Deux chasseurs de prime partent à la recherche d’un téléphone au contenu sensible et compromettant. En suivant le signal émis, ils atterrissent dans un bled paumé du nord de la France. Dans une atmosphère de fin du monde, à la manière d’un road movie, nous suivons la traque d’un jeune couple convaincu que la fin du monde est proche, croisons la route d’une espèce de milice locale des plus inquiétantes et découvrons la quête mystique d’un dénommé Jésus.

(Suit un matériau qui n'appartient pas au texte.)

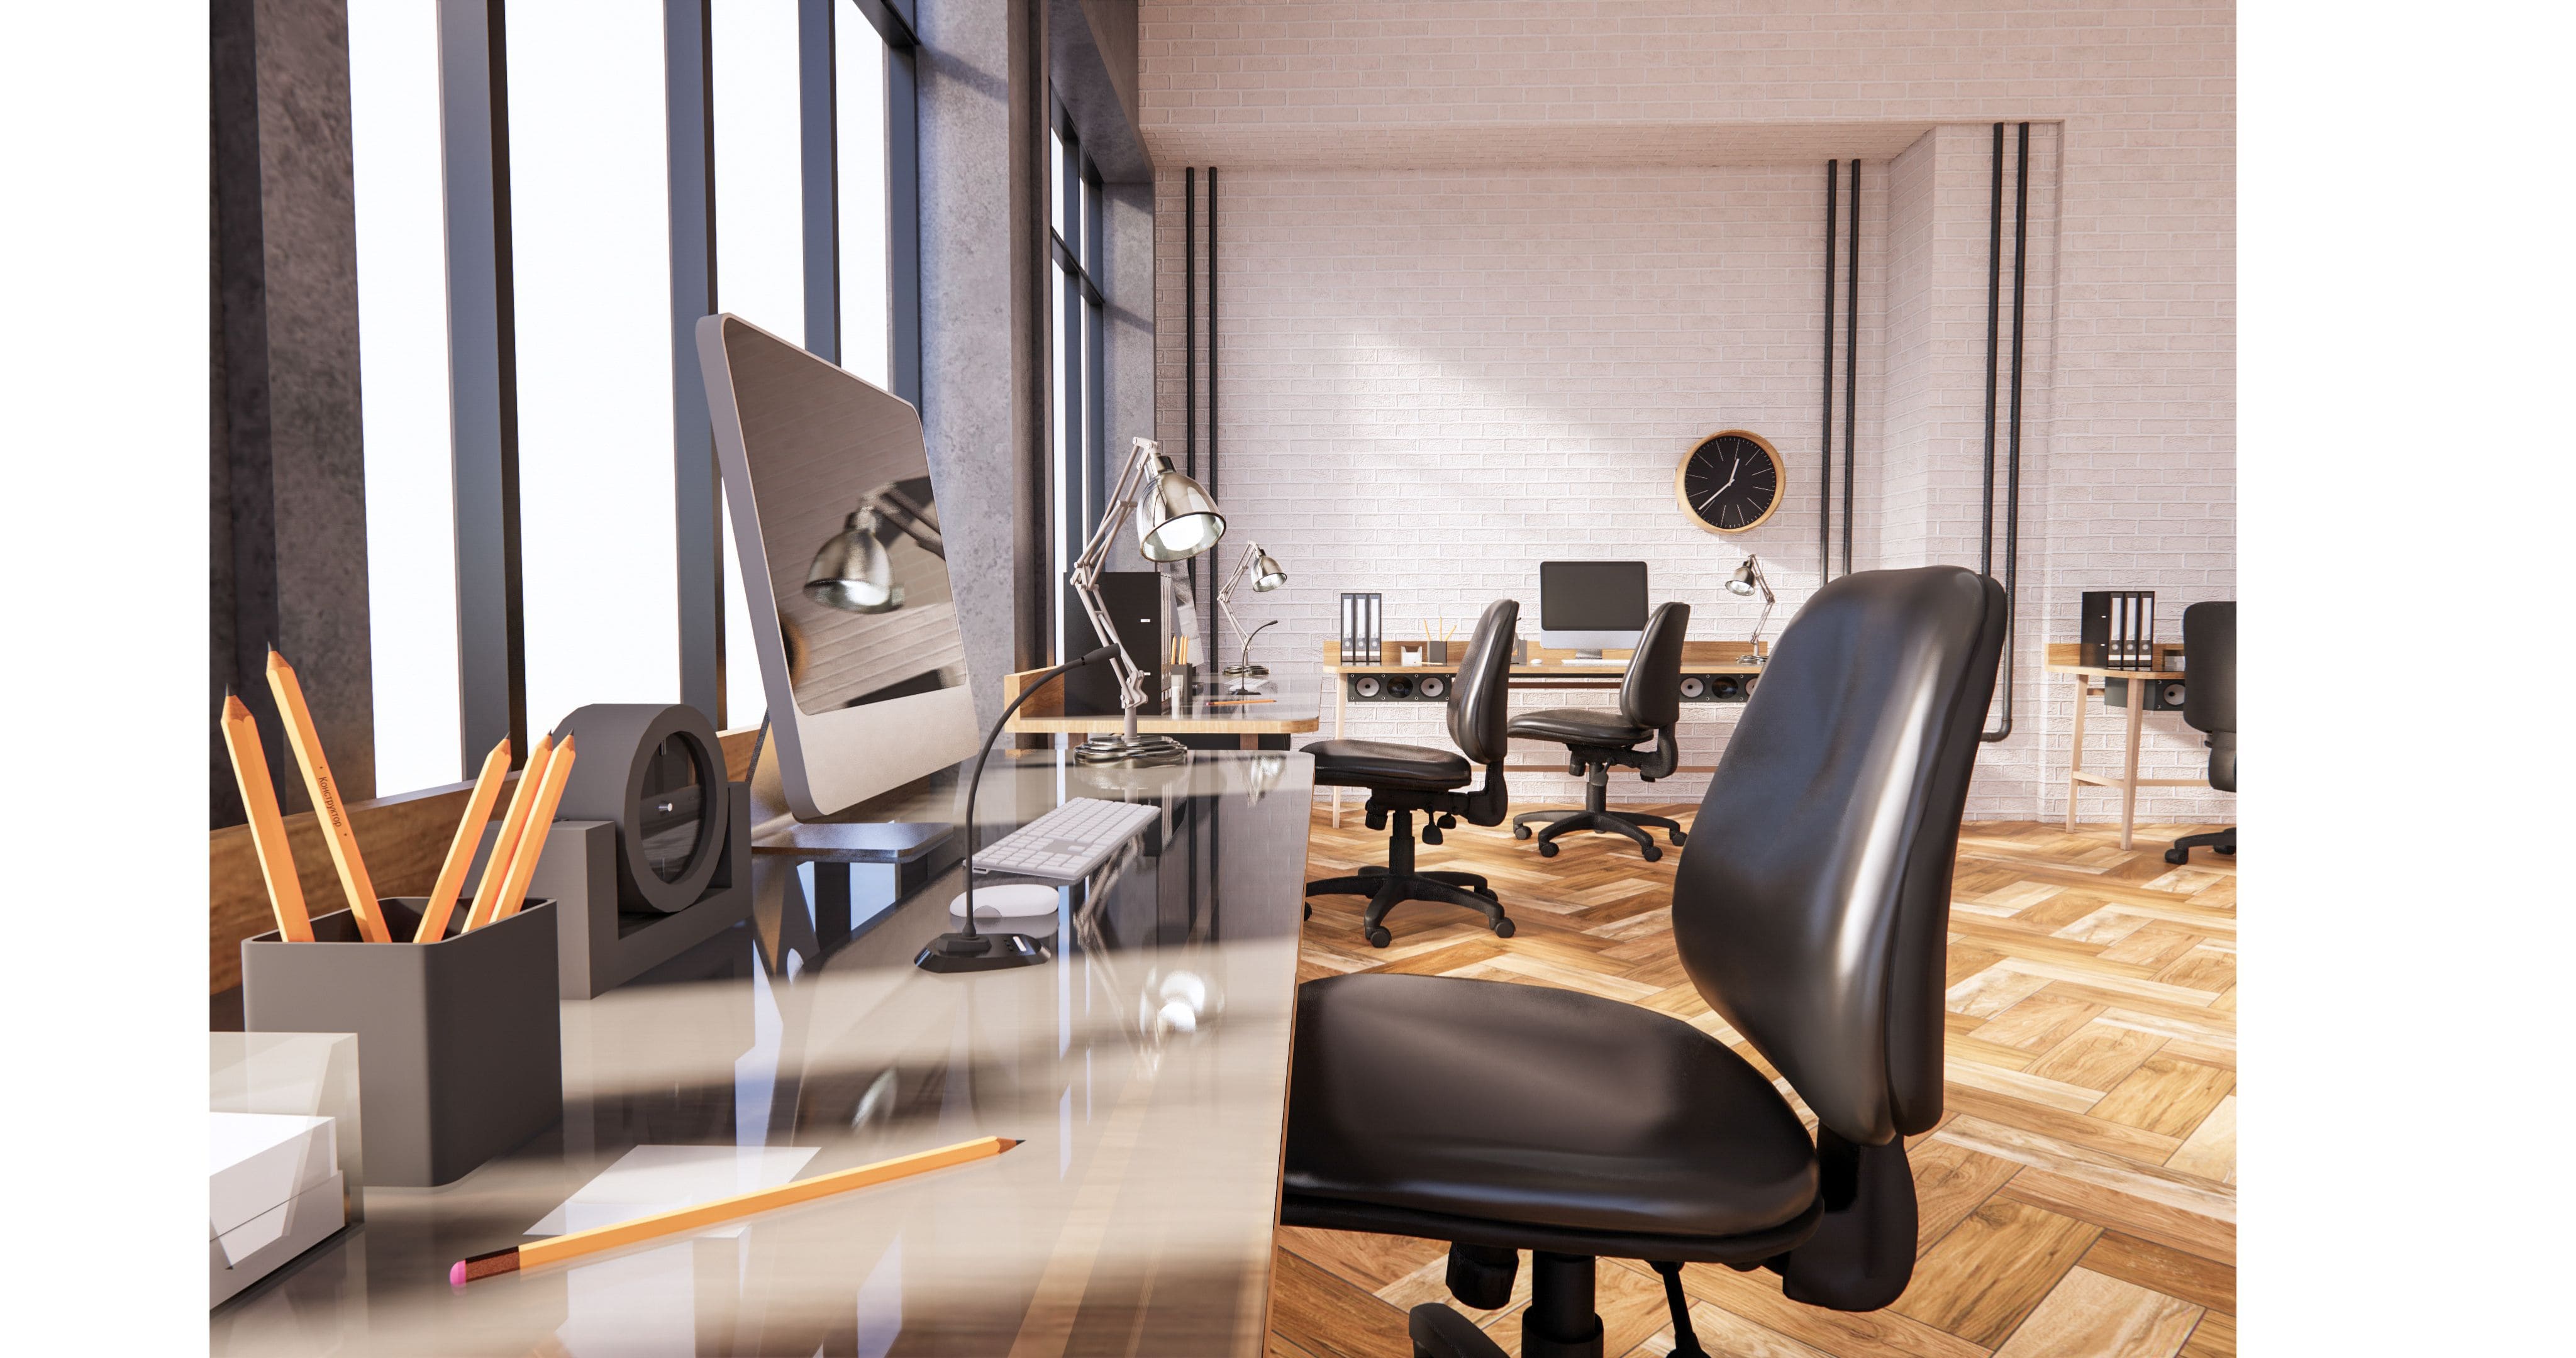 A clean office that has been professionally cleaned by a commercial officer cleaner to help boost productivity.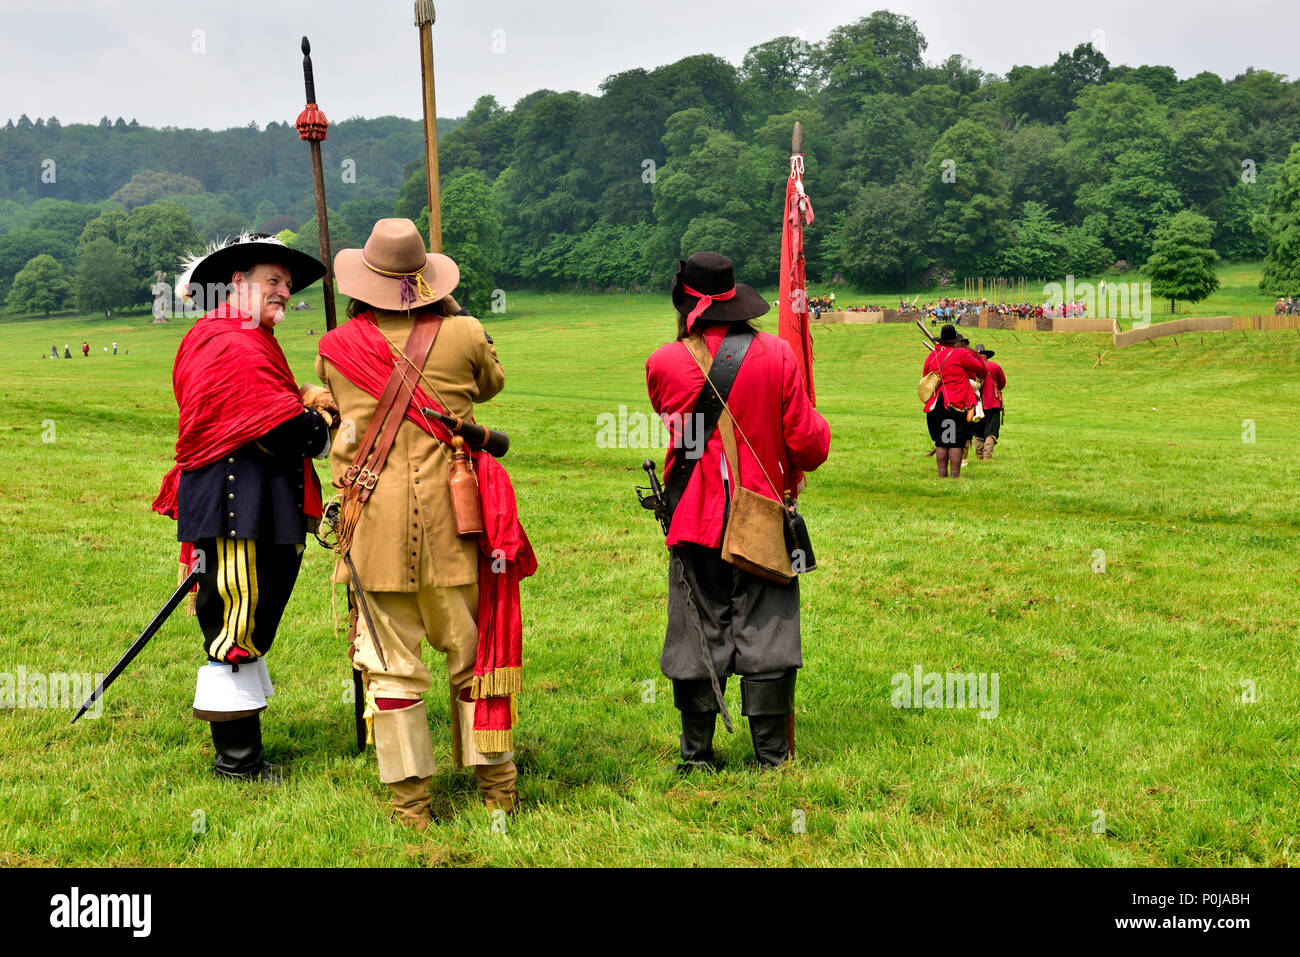 17th century military re-enactors in costume standing overlooking what will be field for Battle of Bristol in English Civil war of 1641 to 1652 Stock Photo

Quatrième long-métrage de Bouli Lanners, comédien et réalisateur belge, LES PREMIERS, LES DERNIERS embarque Albert Dupontel, Suzanne Clément, David Murgia et Aurore Broutin dans un road movie crépusculaire aux accents mystiques dont l’atmosphère n’est pas sans rappeler celle de la première saison de TRUE DETECTIVE avec deux héros borderlines qui cherchent leur chemin, et des victimes comme des bourreaux tentant de survivre à ce monde crasseux et immoral. Dans une lumière assez proche de l’excellent MANGE TES MORTS, TU NE DIRAS POINT, et toute l’ambiance lourde et presque white trash du nord de la France qu’on retrouve dans les premiers films de Bruno Dumont, LES PREMIERS LES DERNIERS oscille avec génie entre le polard, le road movie mystique et le film d’auteur.

Il faut l’avouer, la réalisation est superbe et on comprend mieux pourquoi les films de Bouli Lanners sont devenus les chouchous des festivals, que cela soit la Quinzaine des Réalisateurs à Cannes ou la Berlinade. La lumière crépusculaire n’est pas dénuée de contraste et l’atmosphère lourde est teintée d’humanité et de mysticisme dans un monde dépeint comme aux portes de l’apocalypse, prêt à s’écrouler, vacillant sur ses fondations. On y retrouve la force du film d’auteur, avec des plans contemplatifs, des séquences qui n’ont pour but que d’éclairer un personnage sous un nouveau jour, et à la fois, des moments d’une violence à vous couper le souffle. Entre les plans sur le cerf qui nous rapprochent de ces instants de grâce de la saison 1 de HANNIBAL, et cette séquence dans laquelle le personnage, campé par Albert Dupontel, se retrouve face à la milice locale où la violence est sèche, rude et brutale, il y a tout un monde. Et pourtant, c’est l’entièreté du caractère même du film : entier, profond et complexe.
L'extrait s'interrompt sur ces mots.